Büyük kırılmalar da yaşadık, fikir ayrılıklarında ayrılmayı da bildik, karşıt fikirlerimizi saatlerce tartışmayı da. Sonradan katılan arkadaşlarımızla enerjimiz hep daha da yükseldi. Arada benim de ‘gitmiyor’ dediğim zamanlar oldu. Genelde bu tip ciddi mevzular yapısaldı. Oturup bir iç hukuk metni yazmaya karar verdik. Kararlarımız doğrultusunda yapımızı orada ayrıntılı tarifledik. Dönüp bakabileceğimiz bir referans metnimizin olması işimizi kolaylaştırdı.
Kolektif olmanın öyle güzel yanları var ki. Bu 2 senede evlendik, istifa ettik, bebeklerimiz oldu, sevdik, ayrıldık, dertleştik, içtik, güldük, sinirlendik, tartıştık, para kazandık, eşit olduk, ortak olduk, kamp yaptık… Romantik olmasın demiştim ama yine kaçtı parmaklarımdan. Şimdi her işini sanal ortamda yapan küçük bir kolektifiz / bir kooperatifiz / ortaklarız / dostlarız.
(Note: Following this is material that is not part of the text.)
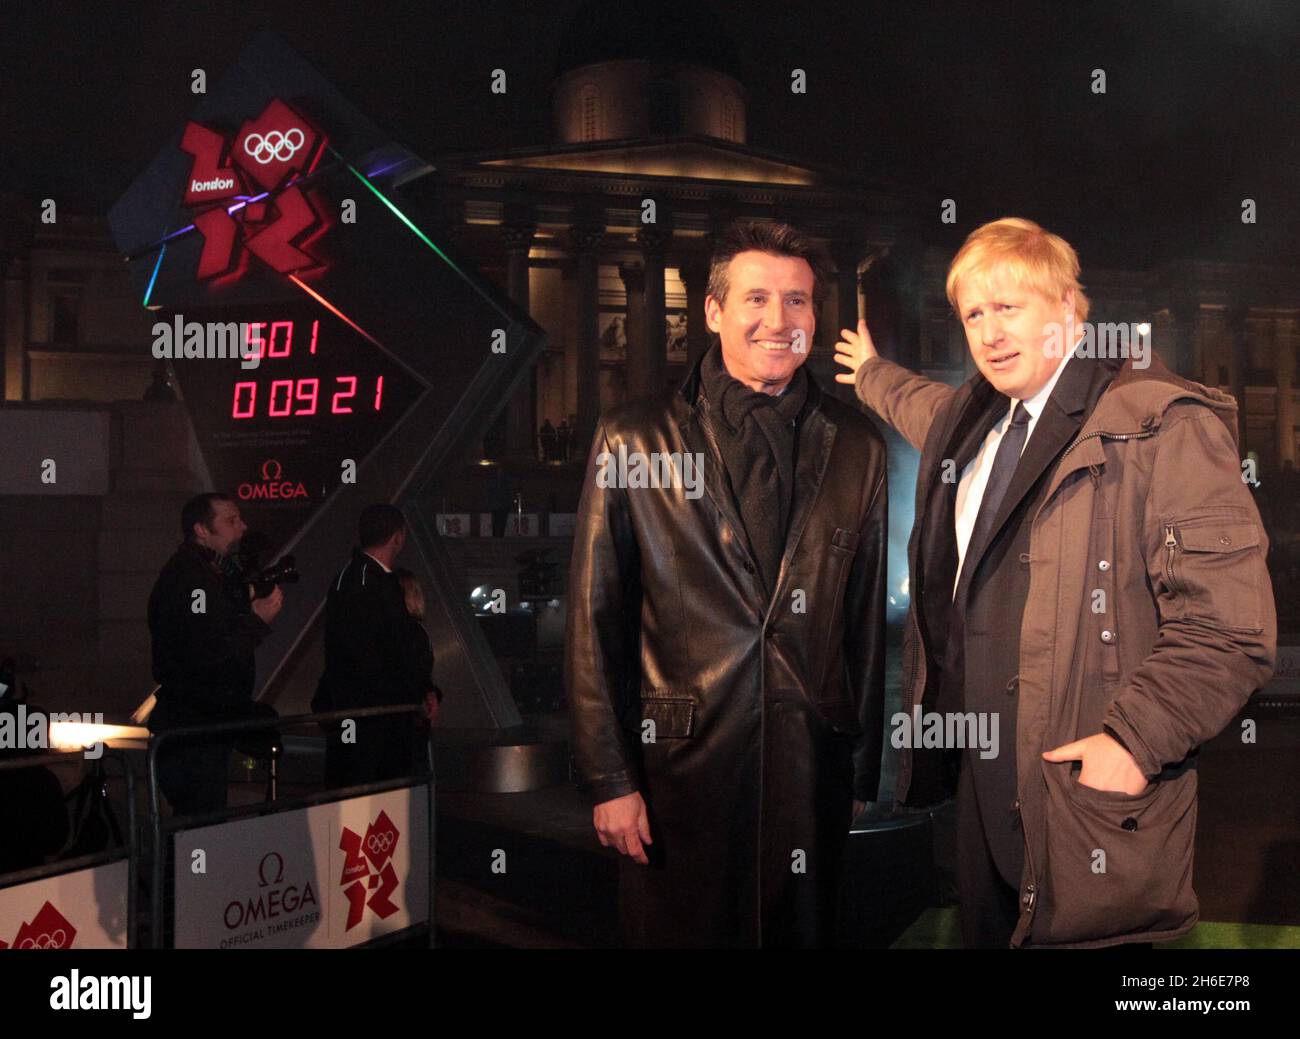 Der Vorsitzende der LOCOG, Sebastian Coe, und der Bürgermeister von London, Boris Johnson, bei der Einführung der offiziellen Countdown-Uhr OMEGA London 2012 und anlässlich der 500-tägigen Eröffnungsfeier der Spiele am Trafalgar Square in London Stockfoto

Hani her konuda güven diyoruz ya, geleceğe, iş arkadaşına, dostuna, işte o güveni biz inşa ettik. Kolektiflerde açık ve şeffaf iletişim kurmak kaçınılmazdır. Bu bazen sert gelebilir ama sistem oturduktan sonra bir alışkanlığa dönüşür. Albatros’ta da işlerin böyle yürüyor olması o güvenin inşasında çok önemli bir yapı taşı vazifesi görüyor.
Halâ resmi olarak kooperatifi kurmadık, ki bunun için 2 sene uzun bir süre diye düşünüyordum eskiden, ama şimdi sadece bürokratik işler olarak görüyorum o kurulum prosedürlerini. Albatros Bilişim Kooperatifi Girişimi’nin ülkemizin bilişim sektörüne çaldığı maya tuttu. Bunun bir parçası olmak gurur verici gerçekten. Ben bu yapının ancak 1/10’uyum belki ama o bütün zaten biziz…
İlk Taşı Atan
Ya yine dokturmussun be gozum, kalemine saglik. Ne zaman olur bilmiyorum ama bir gun tum gucumle geri gelecegim.